Now that we’ve discussed Causal Questions, we can discussion the term “passive” in “Passive Prediction Questions.” The term “Passive” in “Passive Prediction Questions” is meant to differentiate situations where a stakeholder wants to predict things about individuals they do not yet know in a world where the status quo prevails and our behavior doesn’t change.
For example, when answering the Passive Prediction Question “Given their case history, how likely is this patient to experience post-surgical complications?” we don’t actually want to know how likely they are to experience complications — we want to know how likely they would be to experience complications absent any intervention. Our hope, after all, is that by learning that a certain patient is likely to experience complications we can act to prevent that outcome!
Obviously, we might then want to build on the insights provided by that model and ask a followup Causal Question: “What would the effect be of assigning an extra nurse to patients predicted to be more likely to have post-surgical complications?”

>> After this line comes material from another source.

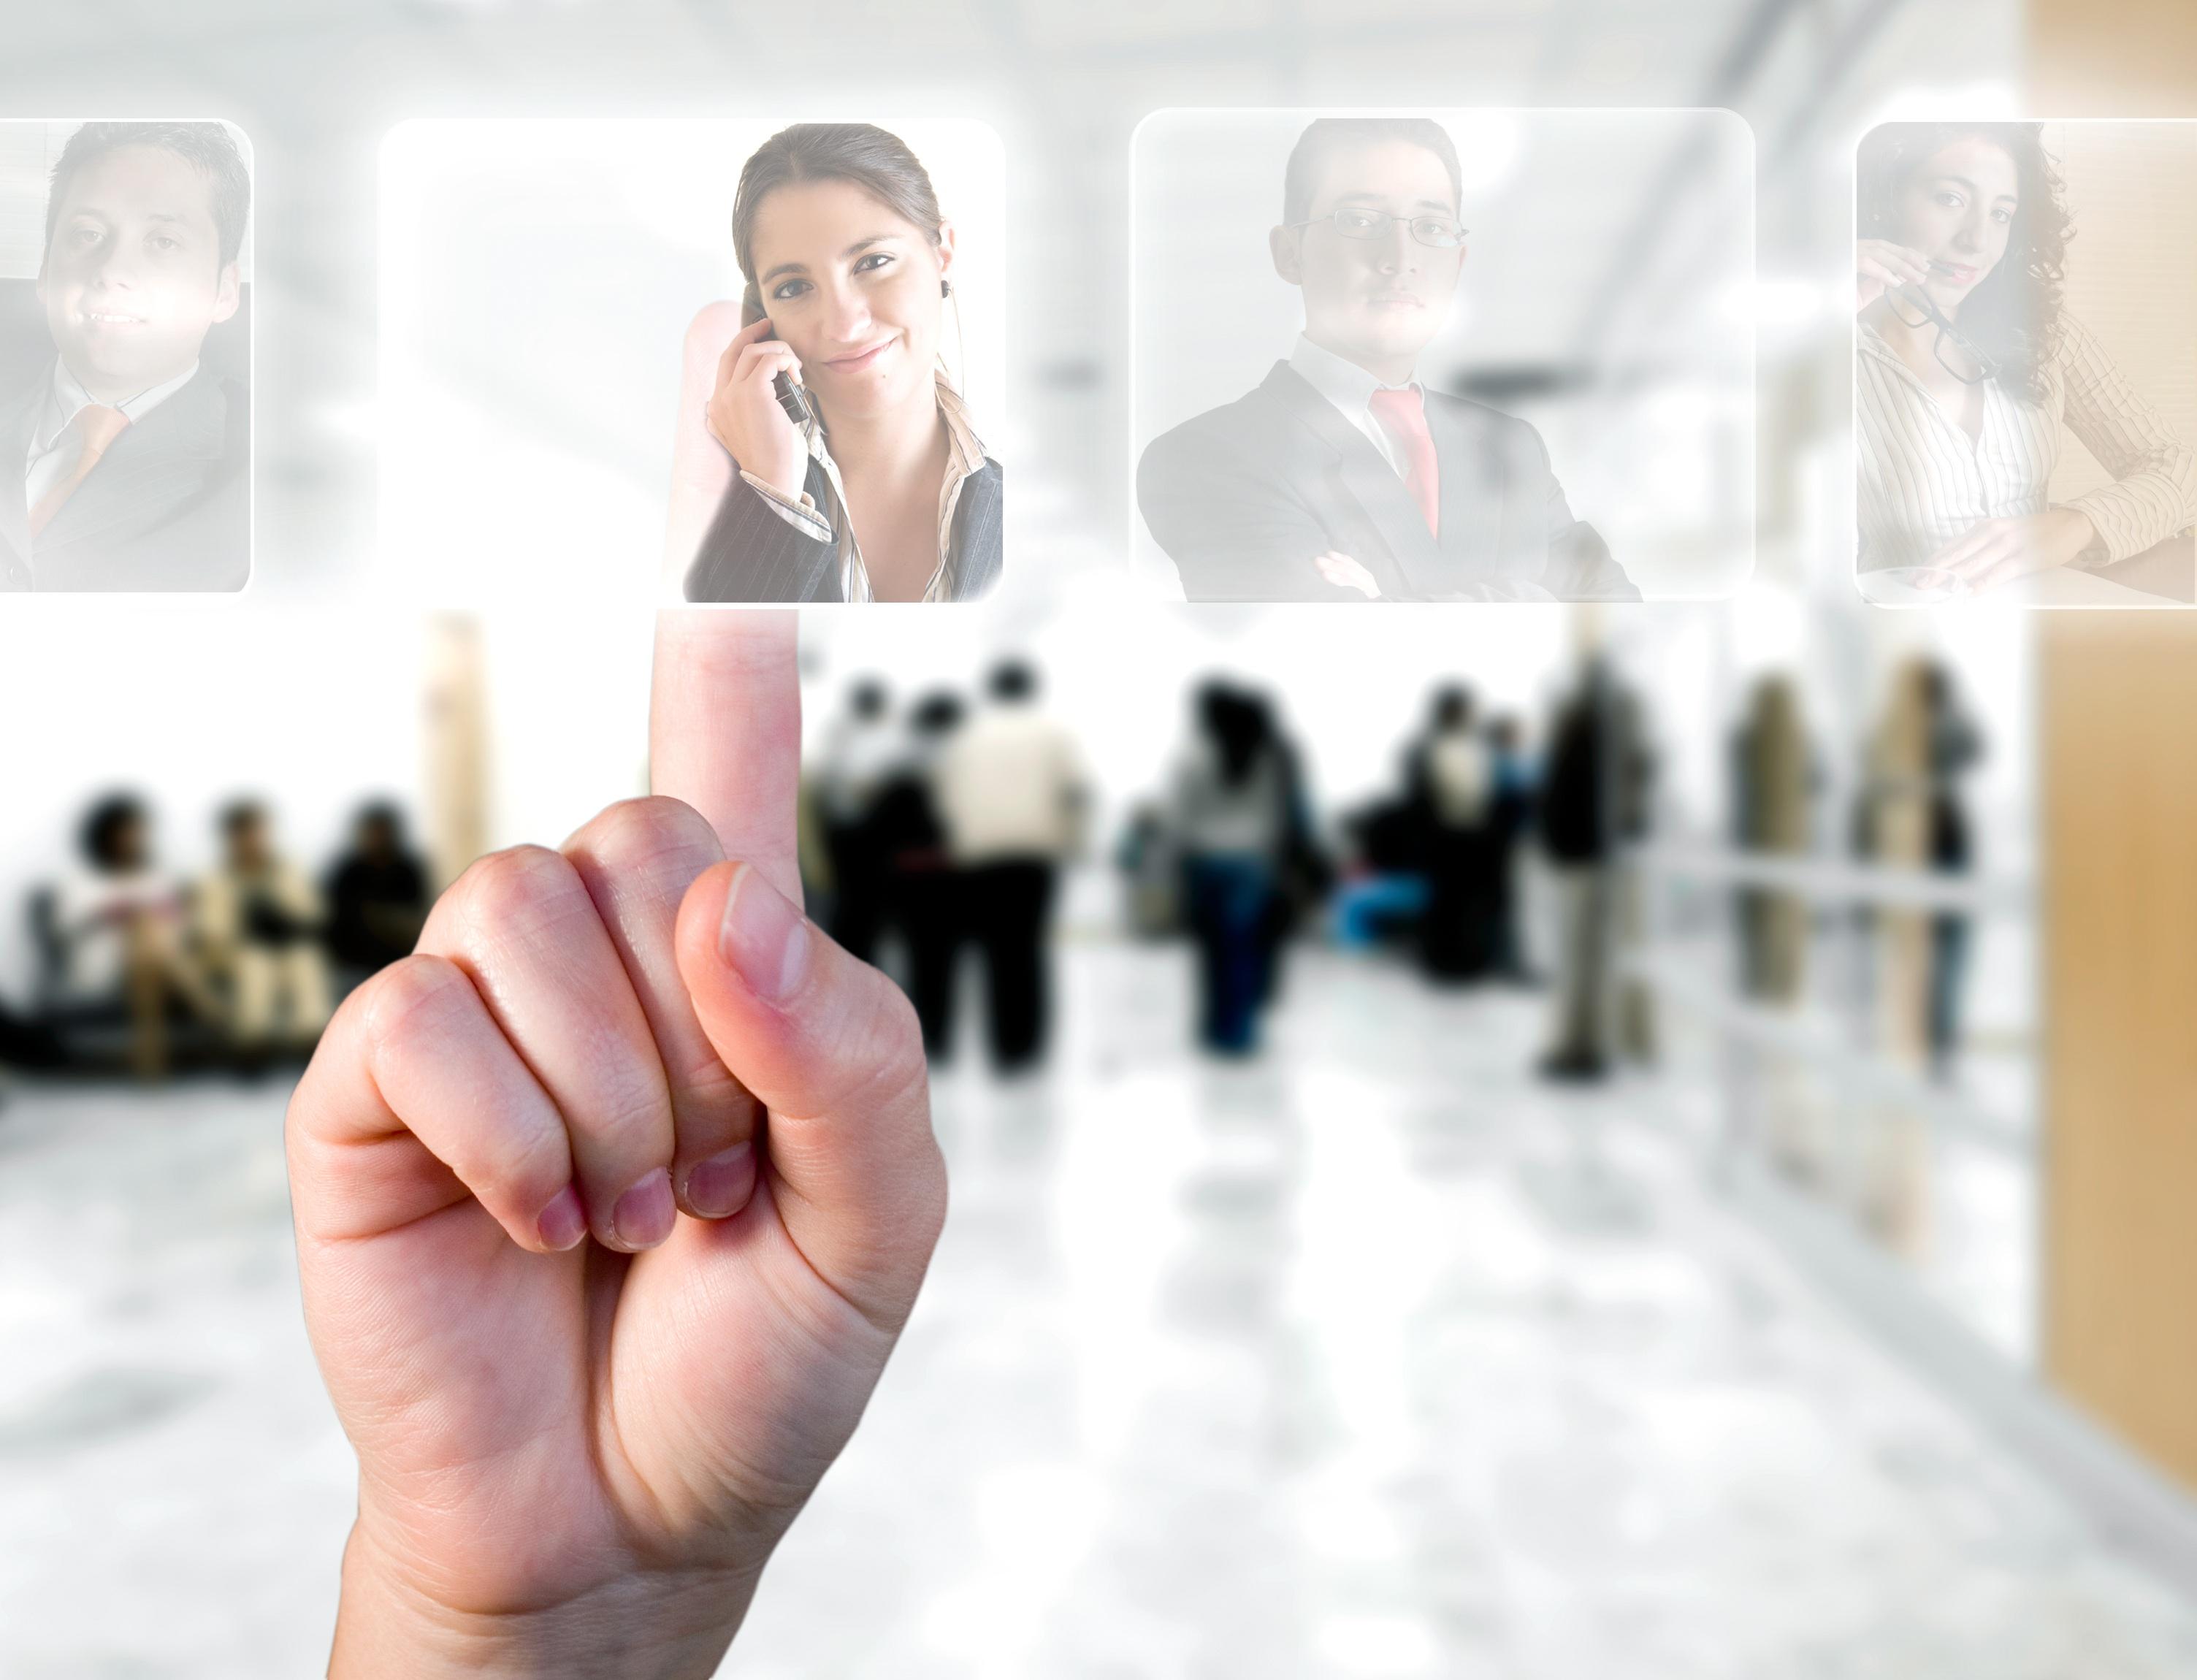 Ressourcen Management – überbewertet oder tatsächlich wichtig?

But because these questions are different in their goals, we would also go about answering them in very different ways. For example, we might answer our Passive Prediction Question using historical patient data and a logistic regression or decision tree. And to answer our Causal Question, we might run a randomized experiment in which half the patients we predict as likely to experience complications are assigned an extra nurse and half are not, and we later compare patient outcomes.
An Example#
In this introductory chapter alone, we’ve already covered a substantial amount of material. We’ve discussed the importance of problem articulation, the idea that the way data scientists solve problems is by answering questions, and the three types of questions data scientists are likely to encounter.
It’s easy to see how this framework might result in a sequential development of a project. First, a hospital comes to you concerned about the cost of surgical complications. So you:
Work with them to more clearly define the problem (“Surgical complications are extremely costly to the hospital and harm patients. We want to reduce these complications in the most cost-effective manner possible.”)
You answer some Exploratory Questions (“Are all surgical complications equally costly, or are there some we should be most concerned about?”).
You develop a model to answer a Passive Prediction Question (“Given data in patient charts, can we predict which patients are most likely to experience complications?”) so the hospital can marshal its limited nursing resources more effectively.
The hospital then comes back to you to ask the Causal Question “Would a new program of post-discharge nurse home visits for patients identified as being at high risk of complications reduce complications?”
In reality, however, while it is important that some steps come before others (if you don’t start by defining your problem, where do you even start?), real projects are never so linear. The reality is that you will constantly find yourself moving back and forth between different types of questions, using new insights gained from answering one question to refine your problem statement and articulate new questions.
Nevertheless, by using this framework as a starting point, and using this taxonomy to help you recognize (a) the type of question you are asking, and (b) the reason you are seeking to answer a given question even when iterating through a project, you will see tremendous gains in your ability to please your stakeholders by staying focused on the problems they need addressed.